WHAT TO PRODUCE: Everything from the "Hình ảnh siêu" line to the final line of the listing should be written out exactly. Skip the pictures.

SUPPLIED MATERIAL:
+++++

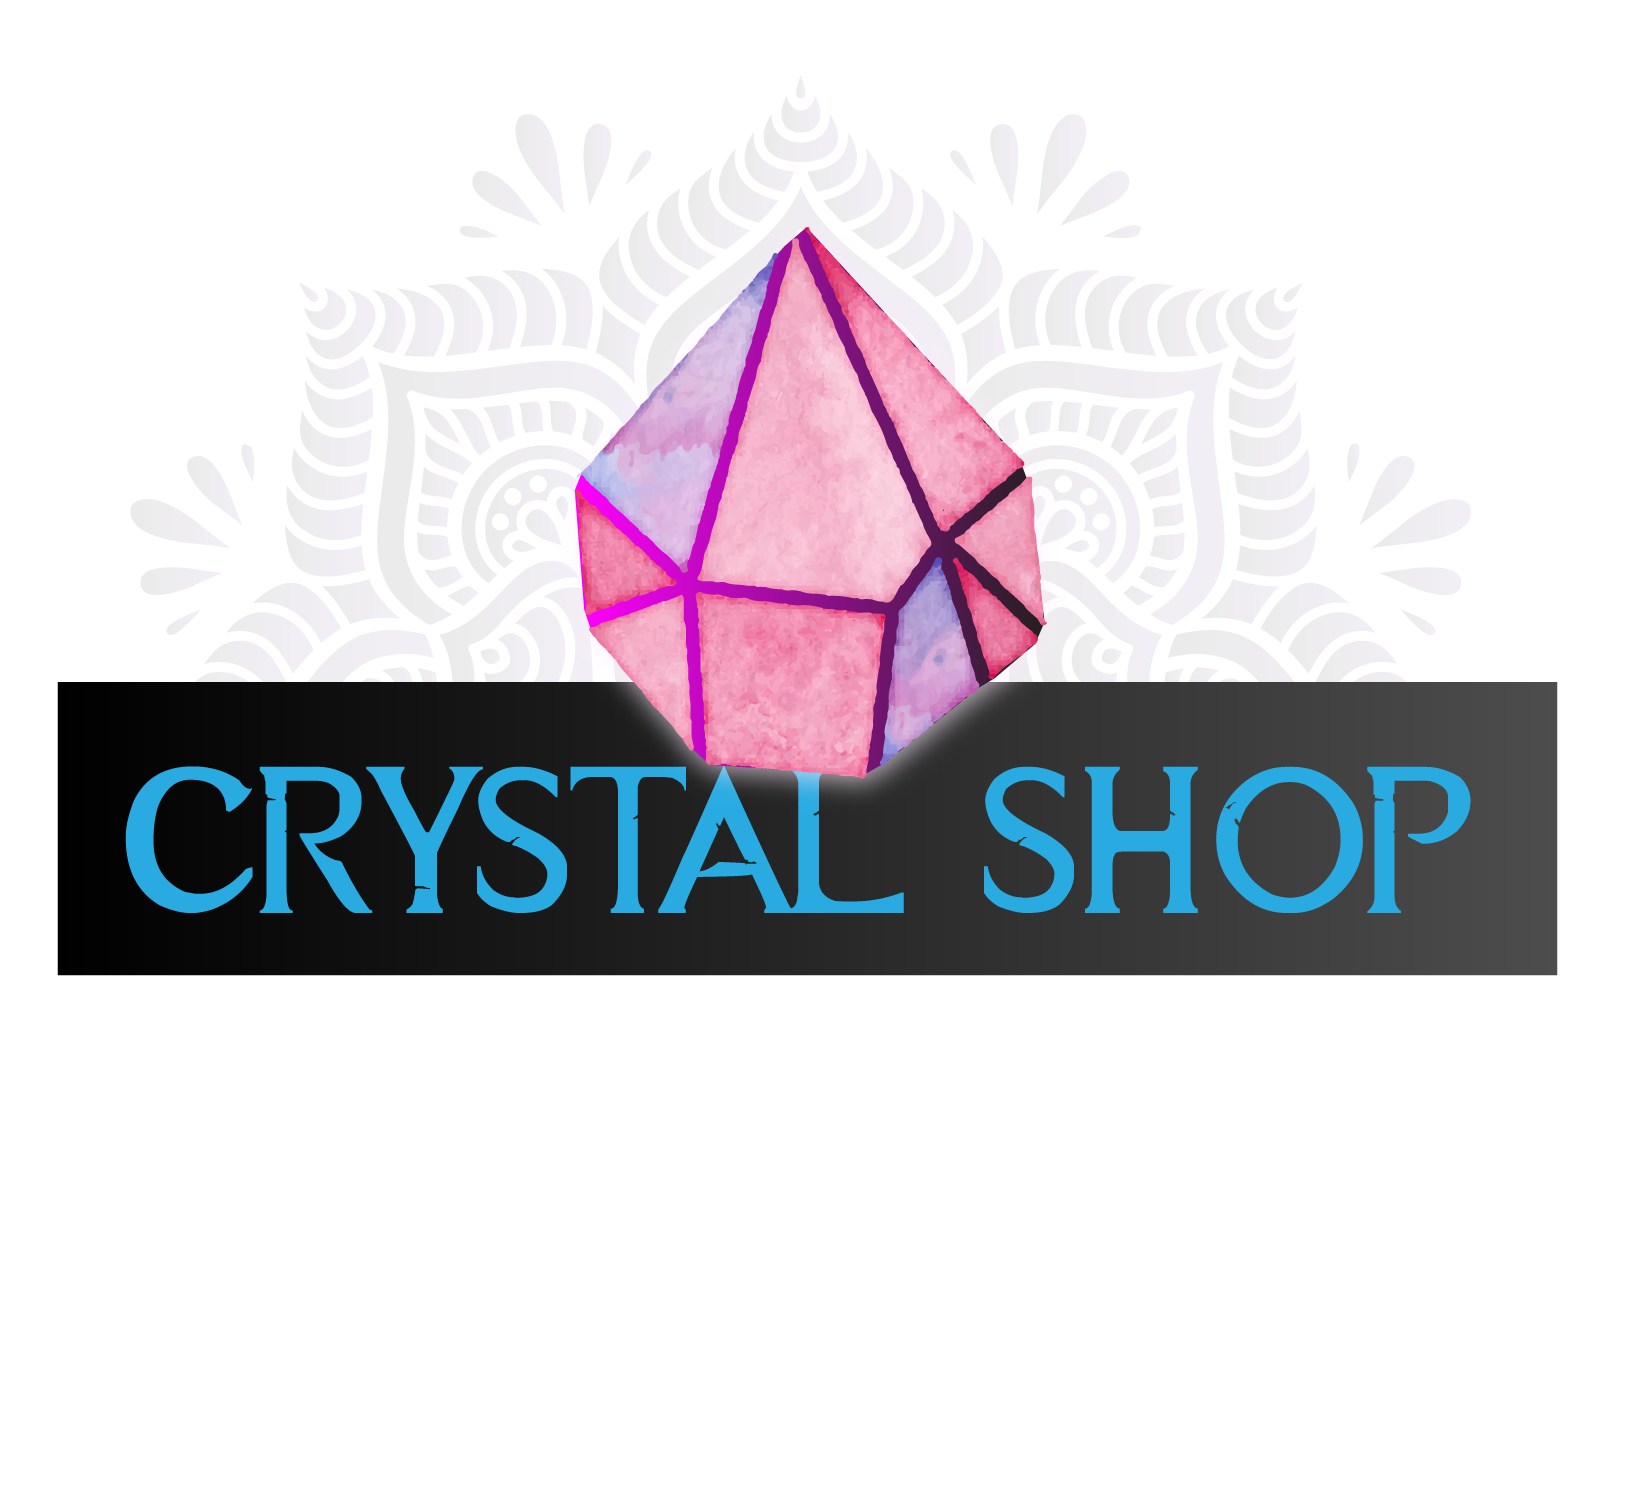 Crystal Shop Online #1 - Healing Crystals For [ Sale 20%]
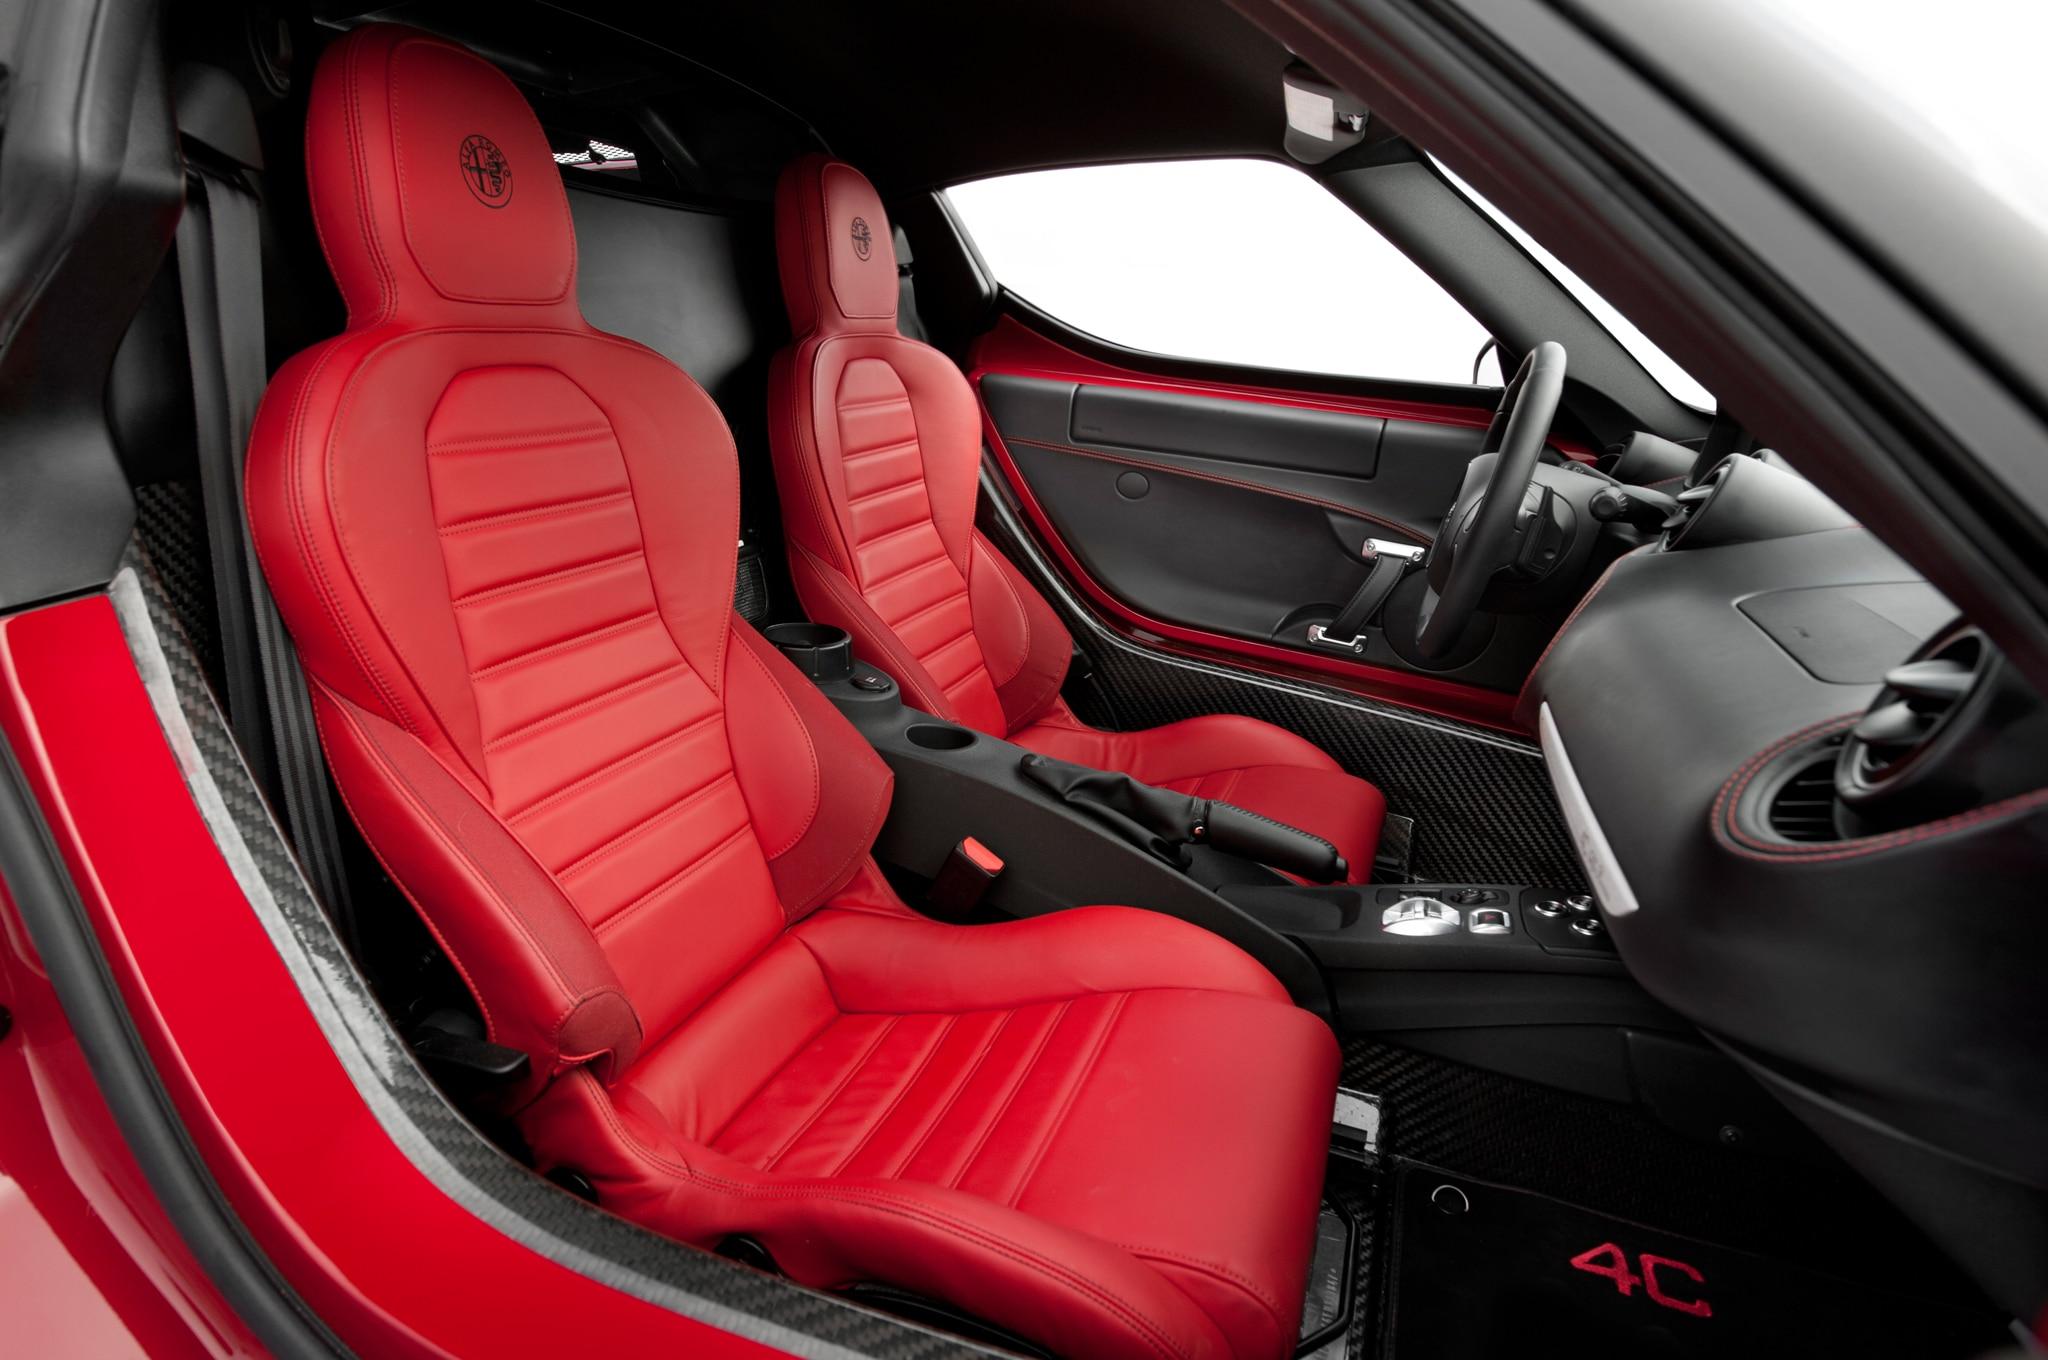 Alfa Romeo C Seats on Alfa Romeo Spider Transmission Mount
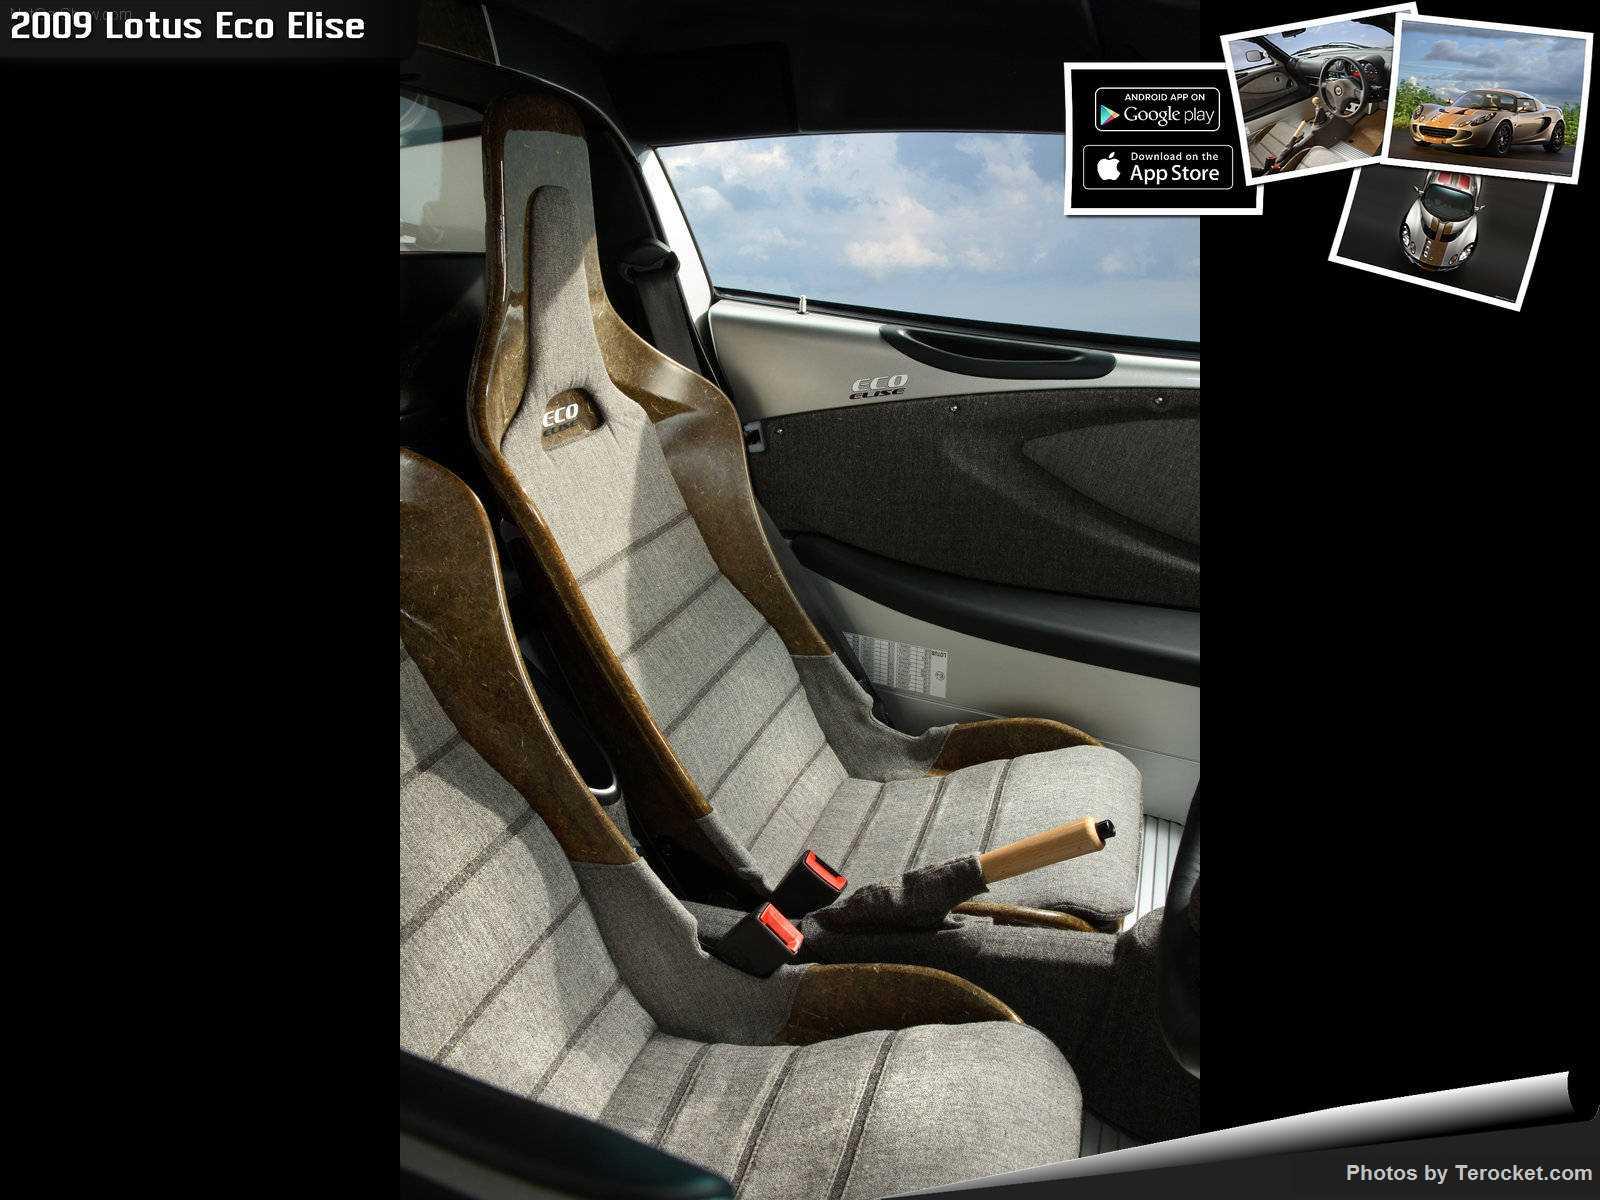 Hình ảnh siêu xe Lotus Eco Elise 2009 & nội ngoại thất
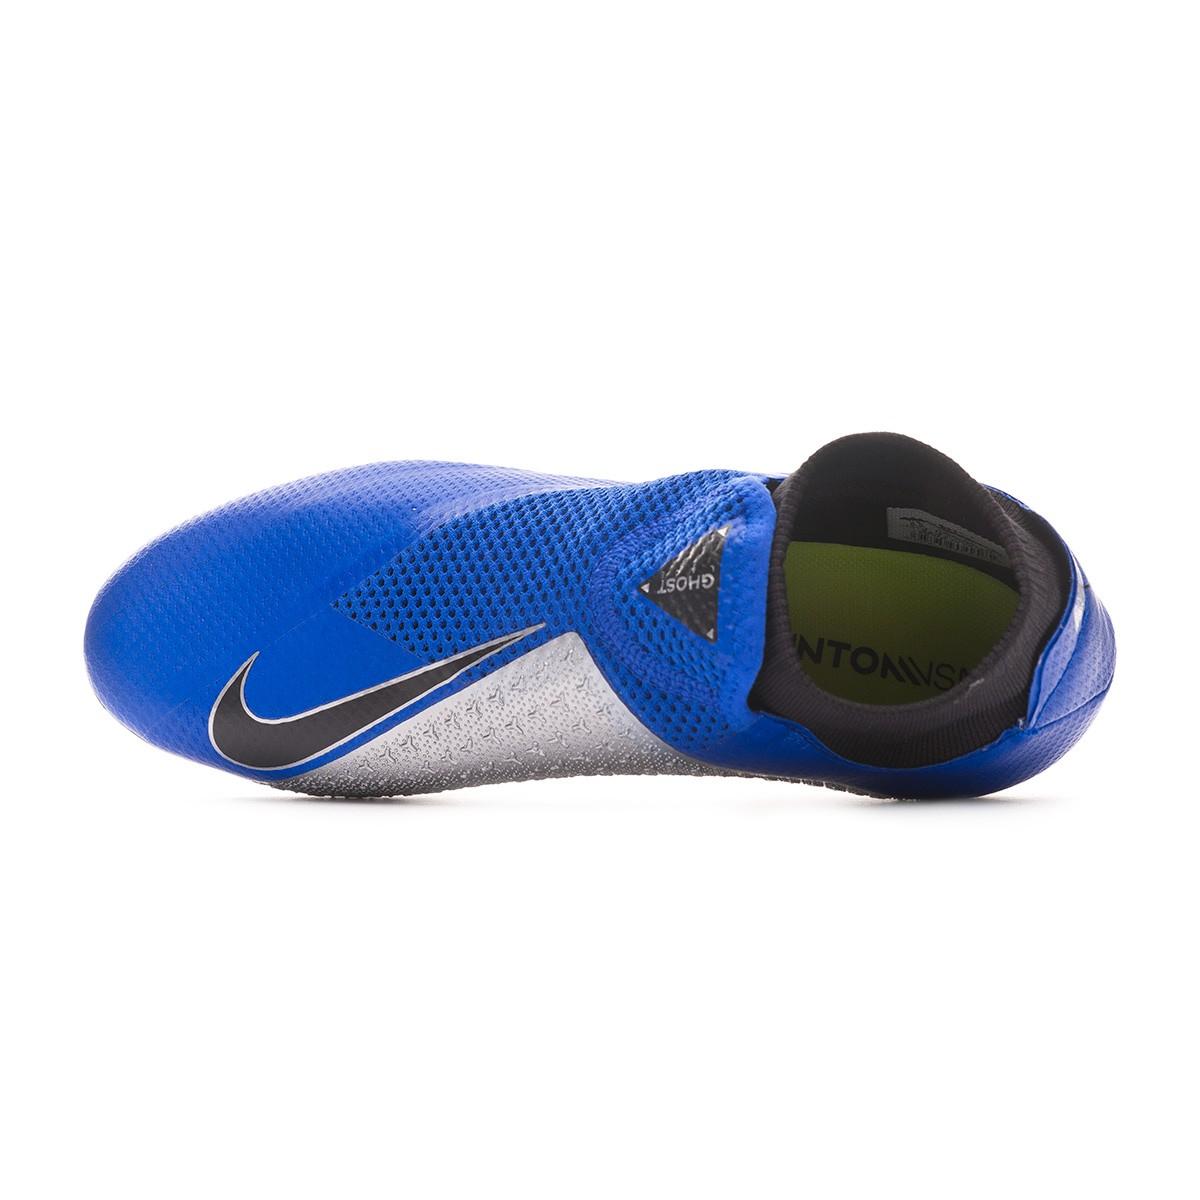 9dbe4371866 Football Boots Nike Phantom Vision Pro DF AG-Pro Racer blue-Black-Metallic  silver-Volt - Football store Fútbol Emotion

+++++

RESULT FOR THIS EXERCISE:
 Hình ảnh siêu xe Lotus Eco Elise 2009 & nội ngoại thất
 9dbe4371866 Football Boots Nike Phantom Vision Pro DF AG-Pro Racer blue-Black-Metallic  silver-Volt - Football store Fútbol Emotion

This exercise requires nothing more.